Allowing for the grieving process to take place naturally might be difficult as you struggle with trying to figure out exactly what went wrong. It may be that you're in denial and can't come to terms with your loss. You may try and put your grief aside as you focus on the whys of what happened.
It's easy to get lost in trying to figure out why this happened or what you could've done differently that you forget to focus on healing from your loss. Allow yourself the time and attention that you need to grieve and recover from your loss. Remind yourself that healing takes time and patience.
6. Honor Your Grief
When you honor your grief, you're honoring your journey toward healing. Honoring your grief means recognizing the grief process. It also means respecting the time it takes to heal from your loss. It can be difficult to see how allowing yourself to grieve helps you heal. You may think that it's selfish for you to take the needed time and space to process what you’re going through.
It helps when working through your grief to take your feelings and emotional well-being into consideration. Pushing away your grief or refusing to acknowledge it might make things more bearable, but it doesn't help you to resolve it. Grief that's left untreated can manifest in the form of unresolved grief later on.
Ways to honor your grief are:
Allowing time for self-care. Caring for yourself may include taking the time to get proper rest and nutrition. It can also mean tending to the most basic of needs such as showering and dressing. Other ways to practice self-care are to get daily exercise, breathing in fresh air, and taking care of your spiritual needs.
Taking time off from major decisions. An often overlooked way of practicing self-care is to take a step back from life’s major decision-making and allowing time for you to process your loss. There are certain decisions that can wait to be made. You shouldn’t put added pressure on yourself to move forward from your loss as quickly as possible. Some things can wait until you’re in a better state of mind.
7. Let Go of Your Grief
Letting go of your grief begins with acceptance of your loss. Once you reach the acceptance stage, permit yourself to let go of your grief. Holding on to it doesn’t mean that you’ve given up or lost hope. When you let go of your grief, you allow room for other things to come into your life.
One way to let go of your grief is to honor your loss. One way is to honor the memory of your child if you've suffered a miscarriage, or by accepting that you did everything possible to try and conceive.
8. Accept Acts of Love and Kindness
Not everyone will understand the depths of your pain and suffering as they try to console you. Their words of sympathy and advice might not ring as authentic to you.
When others offer their condolences for suffering a miscarriage, consider that their words are coming from a place of love and try to accept them with grace and understanding. Try and see these as offerings of love and kindness and accept them in whatever ways suit your needs.
9. Move Forward
Moving forward from your pain might seem like an impossibility for you right now. In time, you’ll begin to heal from your pain and suffering and things will become easier. It may be that not all of your pain will go away, but that you’ll learn to cope with it. This is a normal part of the grieving process that you should come to expect as you begin to heal.

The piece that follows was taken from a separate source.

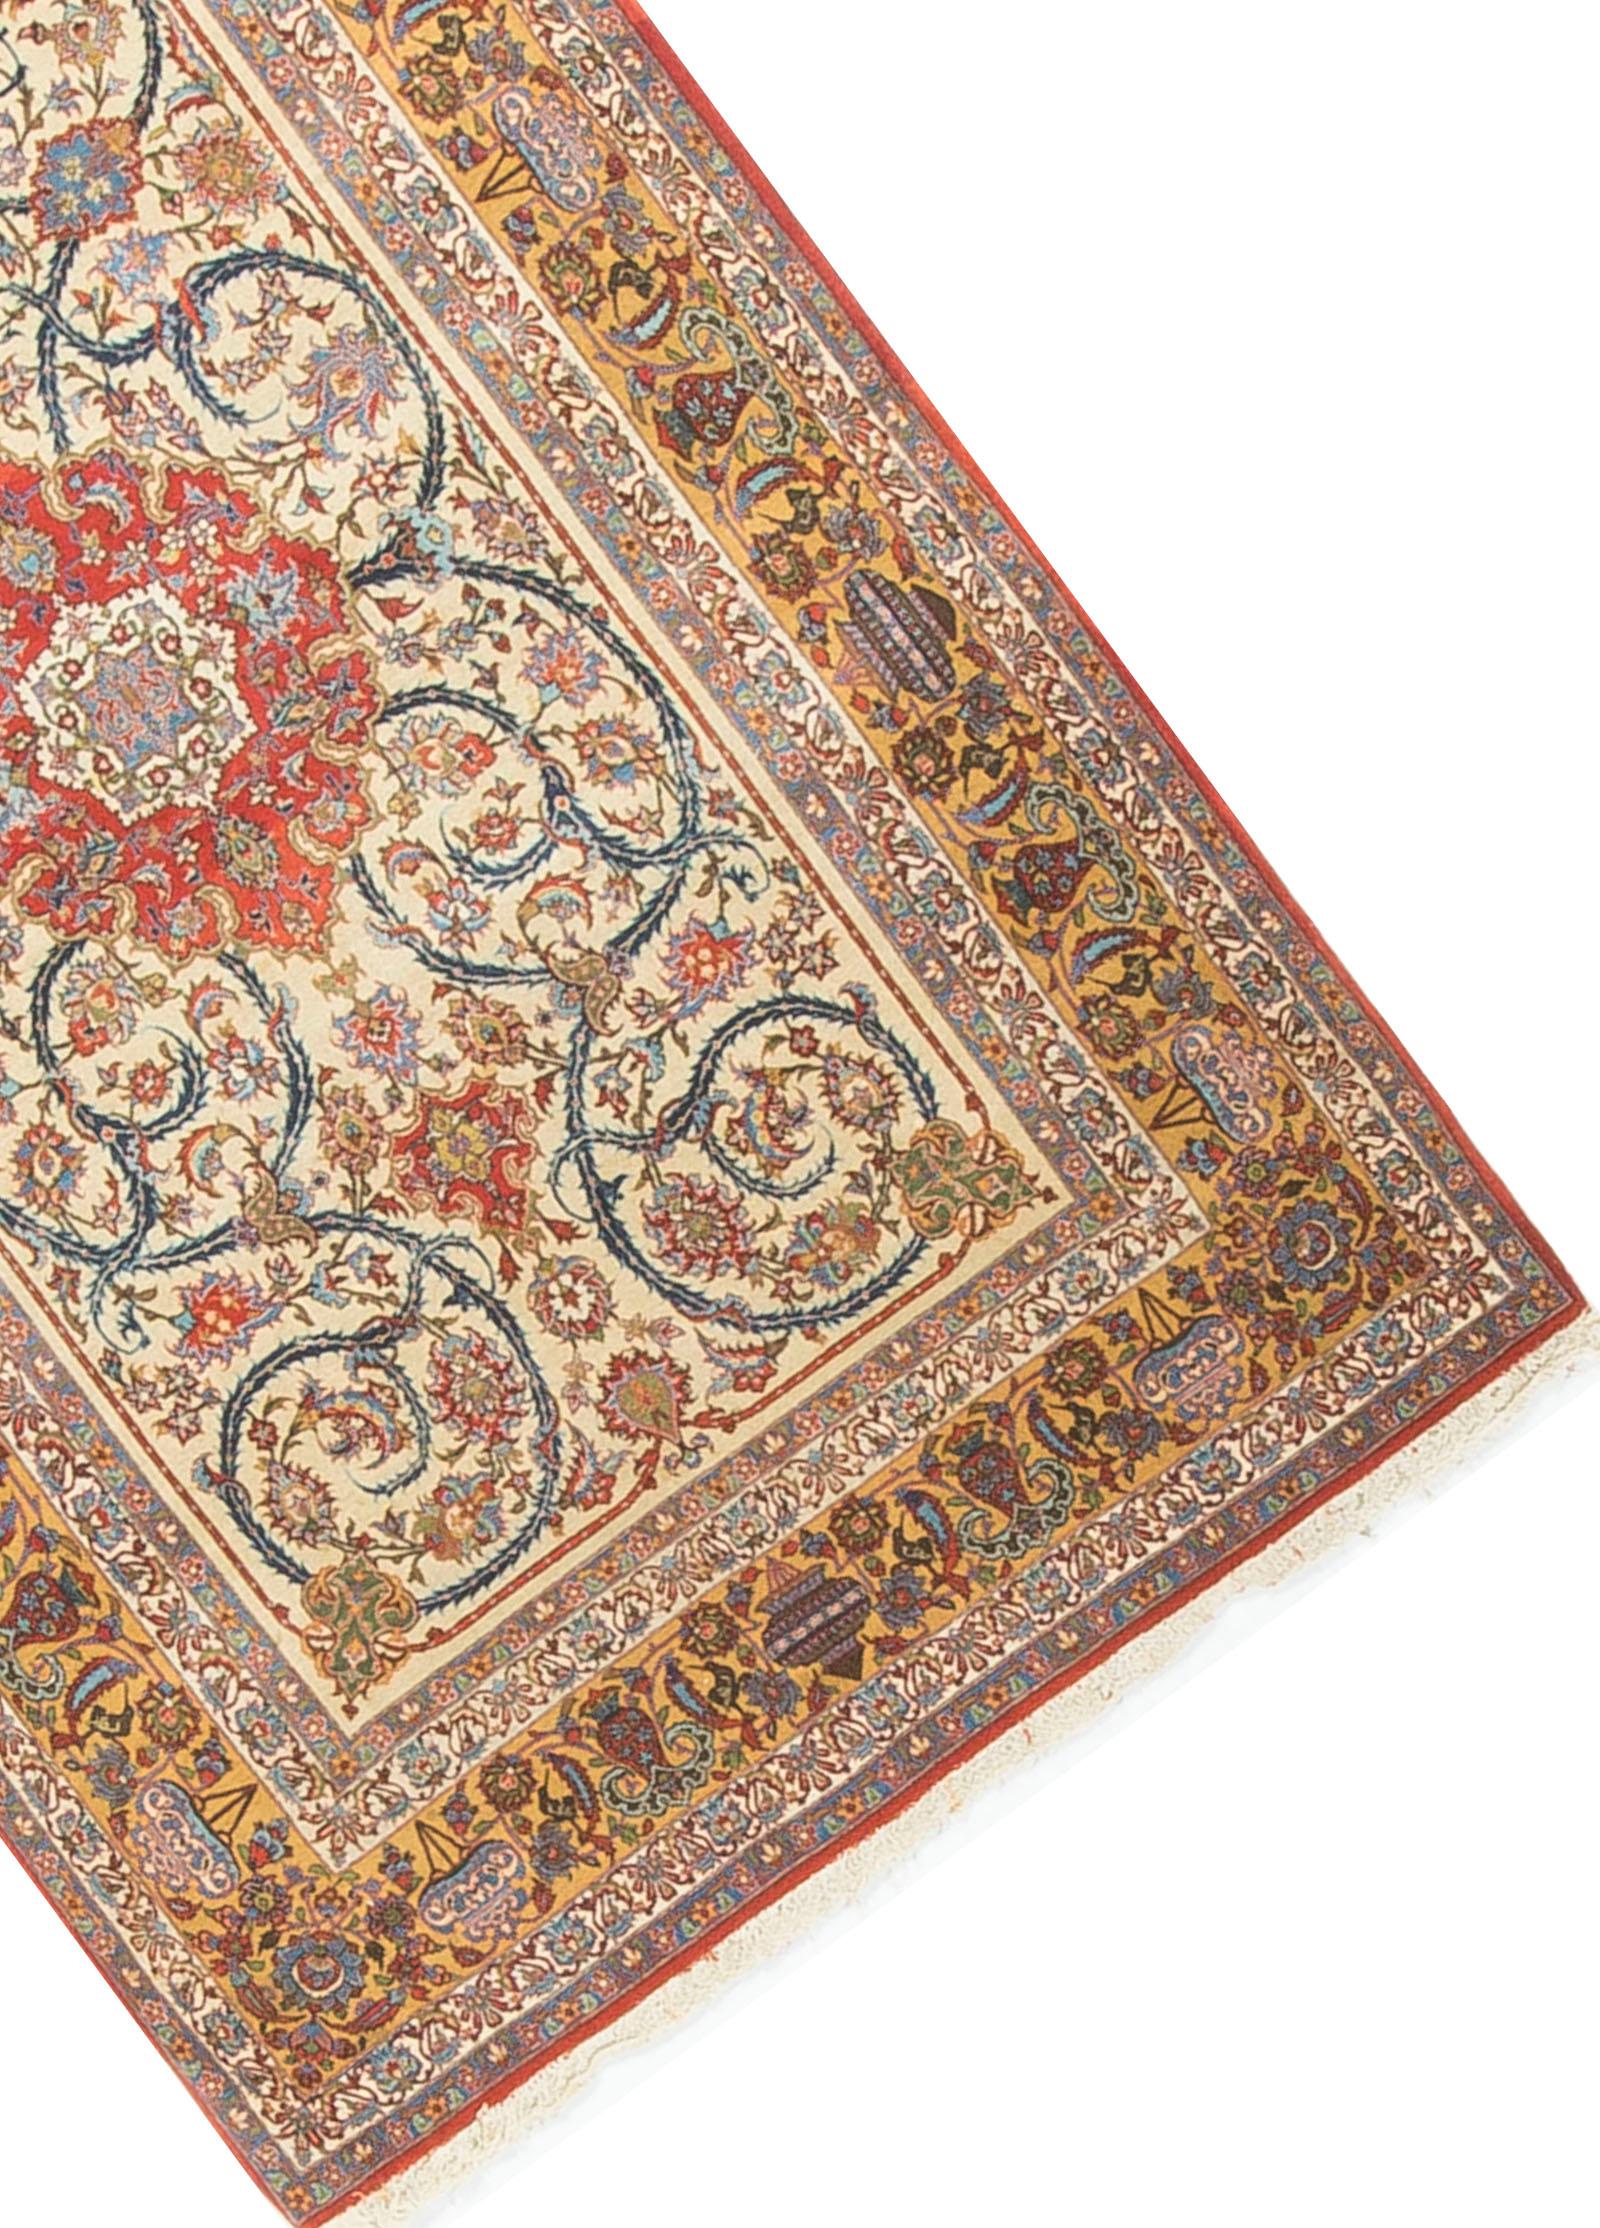 This lovely little antique Isphahan rug has an ivory ground with a curvilinear pattern surrounding a red central motif. All enclosed by multiple borders in golds and ivory.

Moving forward includes accepting your new identity as one who’s lost a child to miscarriage, or as someone who can never become a parent.
Coping With Never Being a Parent
The sad truth is that not everyone who wants to will experience natural parenthood. The grief associated with this type of loss is incomparable. Taking one day at a time will help you overcome your grief as you look for other ways to heal from this type of loss.